Among other things, Attorney General Jepsen urges FDA to utilize its “active pursuit” regulation at 21 C.F.R. § 314.107(c)(3) to determine that Ranbaxy is no longer eligible for 180-day exclusivity for generic NEXIUM.  That regulation states that “if FDA concludes that the applicant submitting the first application is not actively pursuing approval of its abbreviated application, FDA will make the approval of subsequent [ANDAs] immediately effective if they are otherwise eligible for an immediately effective approval.”  FDA has never used its authority to enforce 21 C.F.R. § 314.107(c)(3). 

Attorney General Jepsen delves into the relationship between Ranbaxy and AstraZeneca, noting at one point in his comments that “[b]y the first quarter of 2012, Ranbaxy was formulating finished Nexium capsules for purchase by AstraZeneca and booking substantial sales revenue.”  That almost sounds to us like commercial marketing.  And under the statute (FDC Act § 505(j)(5)(b)(iv)(I)), commercial marketing triggering 180-day exclusivity includes “commercial marketing of the listed drug” by a first applicant.  An FDA regulation (21 C.F.R. § 314.107(c)(4)) states that “commercial marketing commences with the first date of introduction or delivery for introduction into interstate commerce outside the control of the manufacturer of a drug product, except for investigational use under part 312 of this chapter, but does not include transfer of the drug product for reasons other than sale within the control of the manufacturer or application holder.”  Hmmmm . . . . .

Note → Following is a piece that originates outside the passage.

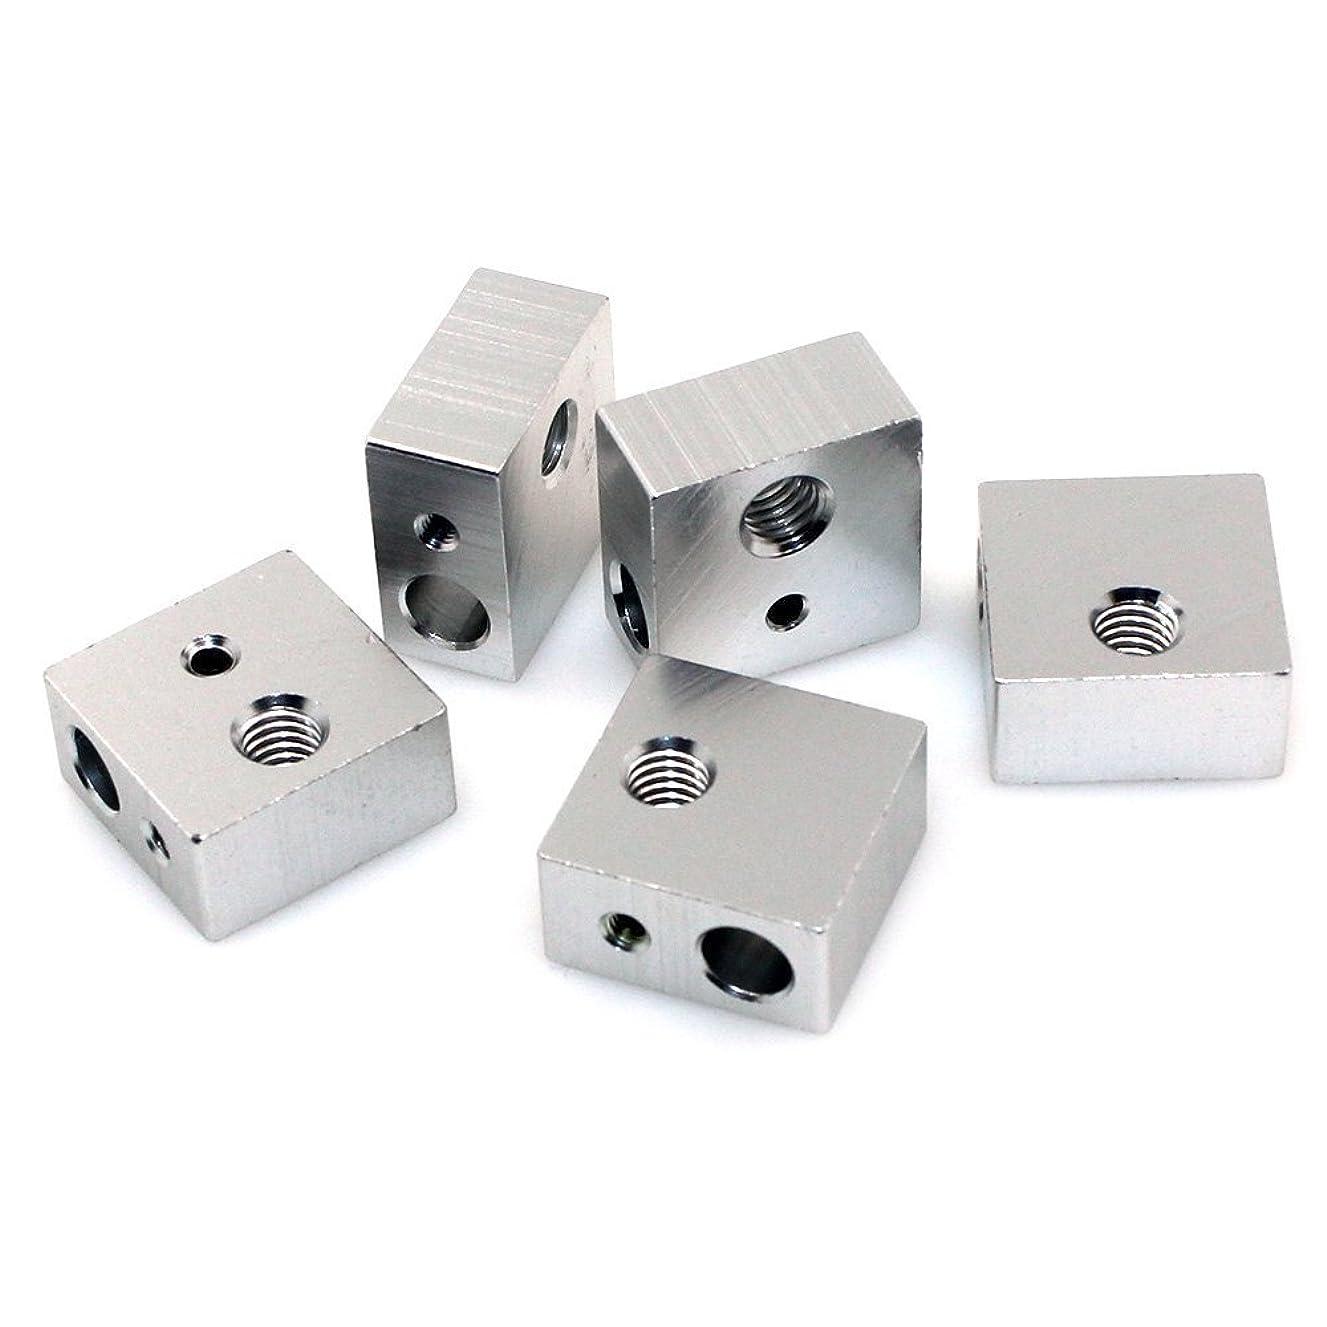 ラメ生産的時間LEOWAY 3Dプリンター用 加熱ヒータブロック5pcs アルミニウム ヒート M6 M3 スレッド ノズル 3Dプリンター MK7/MK8押出機に対応

This is not the first time Connecticut has put Ranbaxy in its crosshair.  In May 2013, Connecticut announced that it joined with other states and the federal government in a settlement agreement to resolve civil and criminal allegations that Ranbaxy introduced adulterated drugs into interstate commerce and, as a result, false or fraudulent claims were submitted to state Medicaid programs, including Connecticut’s Medicaid program.